# SUPPLIED MATERIAL:
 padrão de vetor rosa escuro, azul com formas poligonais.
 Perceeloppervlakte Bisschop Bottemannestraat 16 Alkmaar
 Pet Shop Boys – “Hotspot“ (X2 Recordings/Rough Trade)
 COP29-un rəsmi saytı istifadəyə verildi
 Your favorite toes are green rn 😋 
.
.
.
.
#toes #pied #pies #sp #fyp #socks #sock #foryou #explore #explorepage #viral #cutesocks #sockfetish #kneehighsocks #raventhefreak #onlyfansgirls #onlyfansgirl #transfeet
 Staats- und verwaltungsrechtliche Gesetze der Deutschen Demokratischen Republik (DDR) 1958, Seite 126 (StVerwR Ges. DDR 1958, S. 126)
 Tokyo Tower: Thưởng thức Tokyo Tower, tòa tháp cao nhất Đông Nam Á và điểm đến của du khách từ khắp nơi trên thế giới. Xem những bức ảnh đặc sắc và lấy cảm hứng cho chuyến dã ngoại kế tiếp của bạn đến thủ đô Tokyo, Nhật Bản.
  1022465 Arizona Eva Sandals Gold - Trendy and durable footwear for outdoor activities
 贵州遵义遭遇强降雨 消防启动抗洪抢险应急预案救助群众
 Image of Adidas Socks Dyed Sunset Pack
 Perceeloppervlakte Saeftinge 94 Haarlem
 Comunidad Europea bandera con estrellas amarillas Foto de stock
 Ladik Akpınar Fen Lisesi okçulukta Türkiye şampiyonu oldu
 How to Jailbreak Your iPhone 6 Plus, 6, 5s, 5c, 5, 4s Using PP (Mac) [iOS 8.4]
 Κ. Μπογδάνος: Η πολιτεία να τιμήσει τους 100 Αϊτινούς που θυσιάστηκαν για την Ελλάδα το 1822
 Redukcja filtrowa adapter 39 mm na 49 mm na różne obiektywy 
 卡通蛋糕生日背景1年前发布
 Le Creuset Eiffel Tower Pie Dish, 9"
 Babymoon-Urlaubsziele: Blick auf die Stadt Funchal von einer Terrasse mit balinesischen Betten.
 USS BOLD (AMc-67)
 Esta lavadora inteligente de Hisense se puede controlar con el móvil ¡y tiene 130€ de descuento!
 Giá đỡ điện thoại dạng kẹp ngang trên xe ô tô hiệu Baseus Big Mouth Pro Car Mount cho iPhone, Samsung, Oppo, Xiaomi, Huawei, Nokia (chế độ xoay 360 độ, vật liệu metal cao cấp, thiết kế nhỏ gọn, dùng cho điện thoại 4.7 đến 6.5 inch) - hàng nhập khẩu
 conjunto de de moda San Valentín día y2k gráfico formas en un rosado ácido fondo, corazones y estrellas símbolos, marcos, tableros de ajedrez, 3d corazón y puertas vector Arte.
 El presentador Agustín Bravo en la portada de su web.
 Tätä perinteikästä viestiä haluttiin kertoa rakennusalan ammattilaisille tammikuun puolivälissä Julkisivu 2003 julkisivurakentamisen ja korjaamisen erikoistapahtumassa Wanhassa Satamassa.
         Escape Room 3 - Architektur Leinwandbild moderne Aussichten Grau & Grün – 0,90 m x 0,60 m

# WORK TO COMPLETE:
How many lines of the listing include the string "Tower"? Answer with the number alone.

# TASK RESULT:
2